I am facing an issue when using MATLAB eig function to compute the eigenvalues and eigenvectors of a symmetric matrix.

The matrix D is
10x10
all diagonal elements = 0.45
all off-diagonal elements = -0.05

When using [vec, val] = eig(D) some of the resulting eigenvectors contain complex numbers (ie 0.3384 + 0.0052i). I have searched online and I found two related posts on similar issue, but did not help me in finding a solution.

So I tried the same subroutine in Python numpy (numpy.linalg.eigh(D)) and it gave me all real eigenvalues and eigenvectors. The results from Python are correct as I was able to verify my final results with a published paper.

My question is what causes MATLAB to give complex eigenvalues and eigenvectors for a symmetric matrix?
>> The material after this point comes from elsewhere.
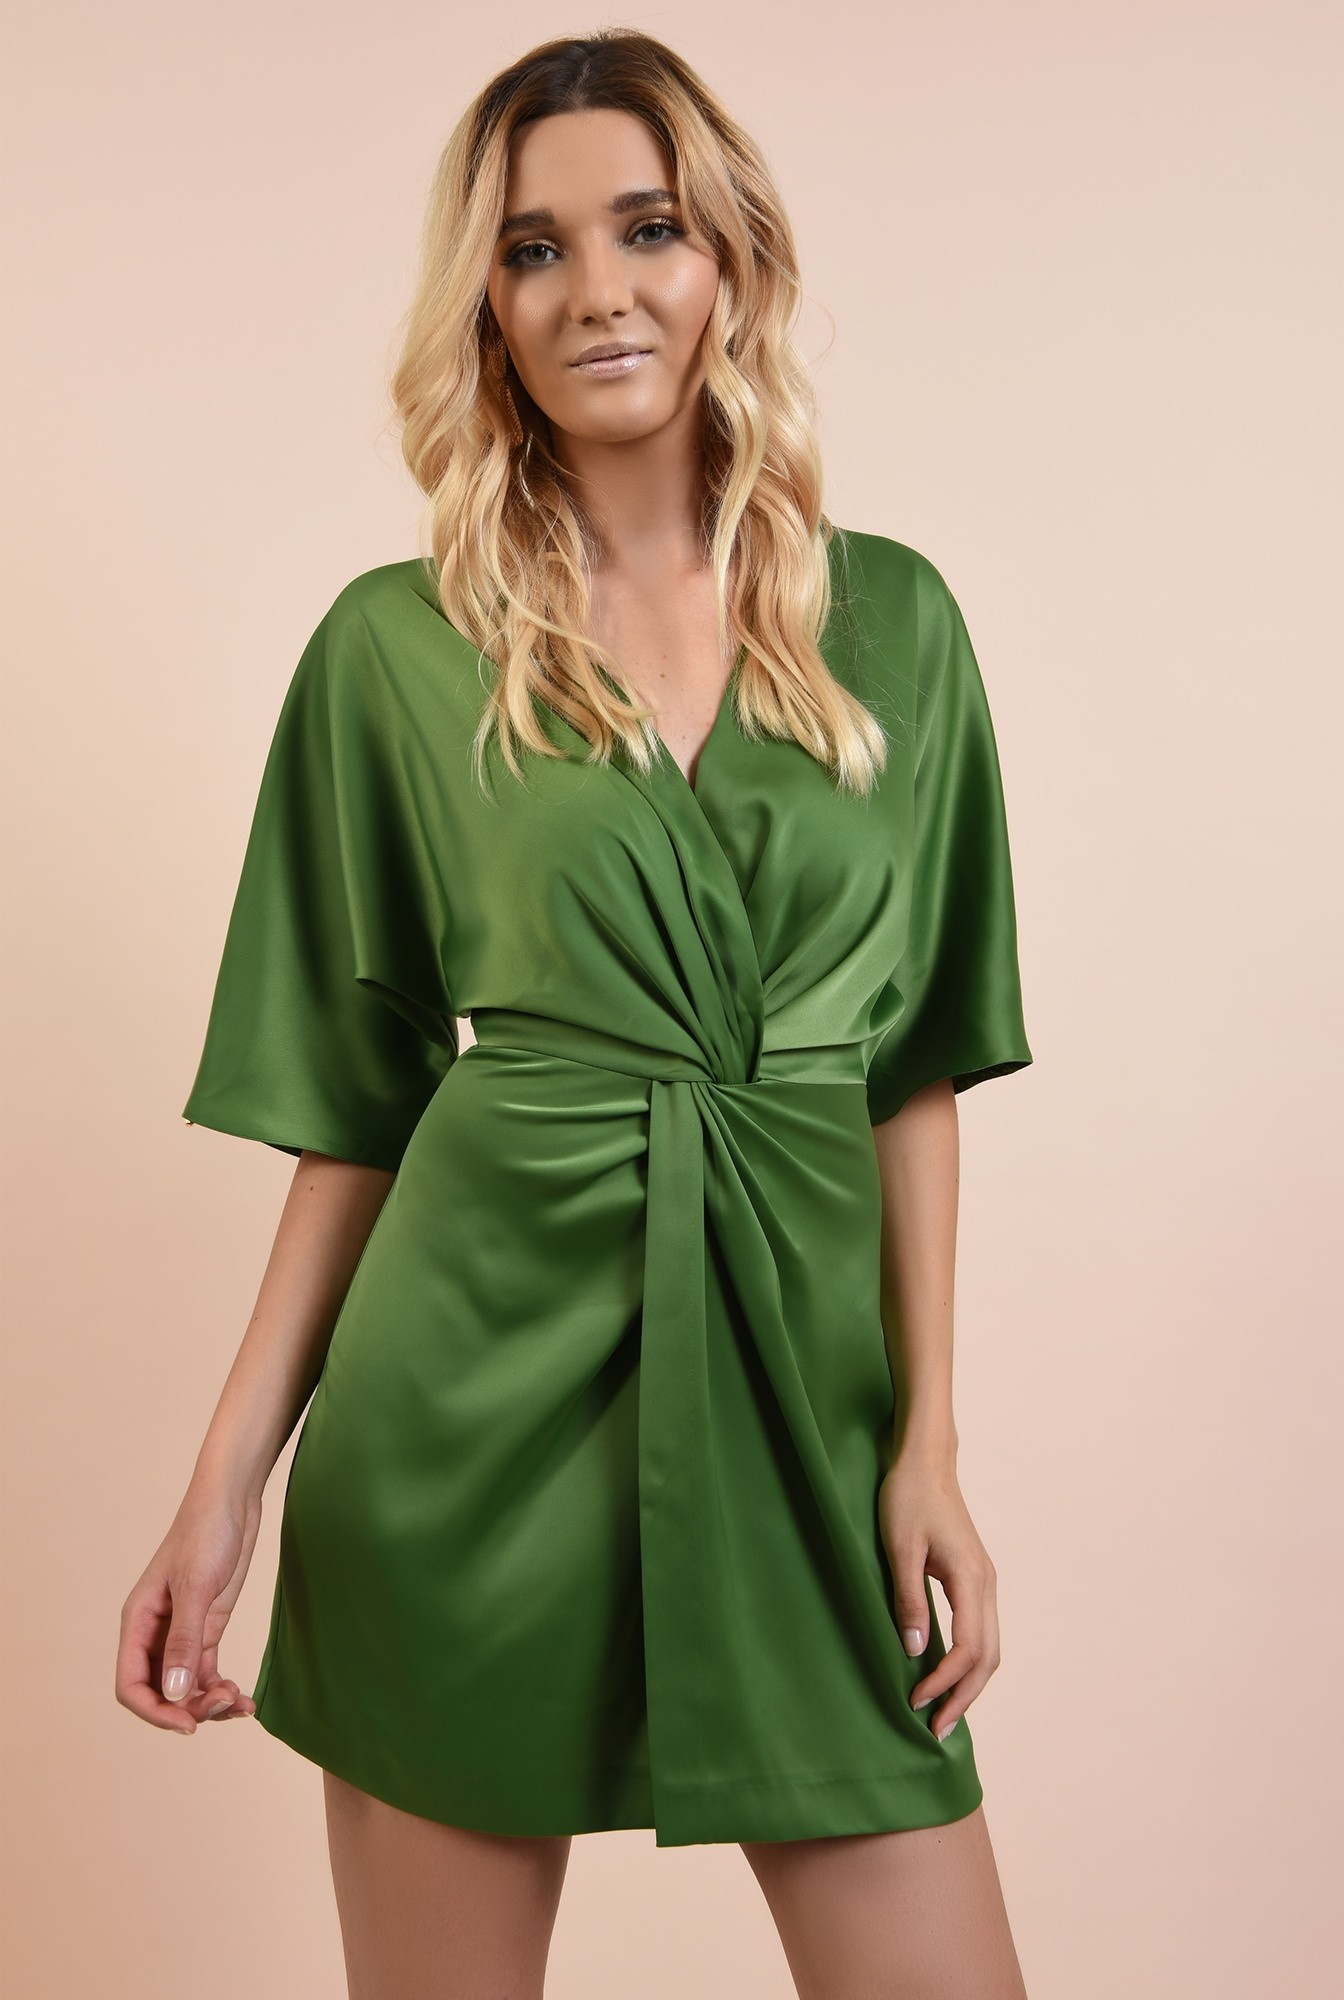 2 - rochie eleganta, verde, din satin, anchior petrecut, talie drapata

Is there a way around it? I can certainly re-write my algorithm in Python, but I would rather avoid that.

Note: if I try 4x4 matrix with all diagonal elements = 0.375 and all off-diagonal elements = -0.125 then MATLAB eig(D) gave all real eigenvalues and eigenvectors.

Thanks in advance for any advice on this issue.

Follow up. The code used to generate D and the eigenvalues/vectors:

    P = eye(10) - 1/10;
    delta = 1 - eye(10);
    A = -0.5 * delta;

    D = P*A*P;
    [vec val] =eig(D)

I was able to solve the problem using single precision.

  P = eye(10) - 1/10;
  delta = 1 - eye(10);
  A = -0.5 * delta;

  D = P*A*P;
  D = single(D)
  [vec val] =eig(D)

The results now are correct. Thank you all for taking the time responding to my question and thanks for all your suggestions. This is really more of a workaround than a solution. I still do not know why double precision causes complex eigenvectors.

Doing

D = 0.5 * eye(10) - 0.05 * ones(10);
eig(D)

I get

ans =
     -2.08166817117217e-17
                       0.5
                       0.5
                       0.5
                       0.5
                       0.5
                       0.5
                       0.5
                       0.5
                       0.5

which is not too bad. The first eigenvalue in the result should obviously be zero, so there's a rounding error, but otherwise the result is as expected. Due to the same issue of limited numerical precision I guess there could eventually be very small complex parts, too, but actually Matlab's eig should detect symmetry and produce only real-valued eigenvalues.

How exactly did you generate your matrix D ? Maybe it has only approximately the structure you are describing?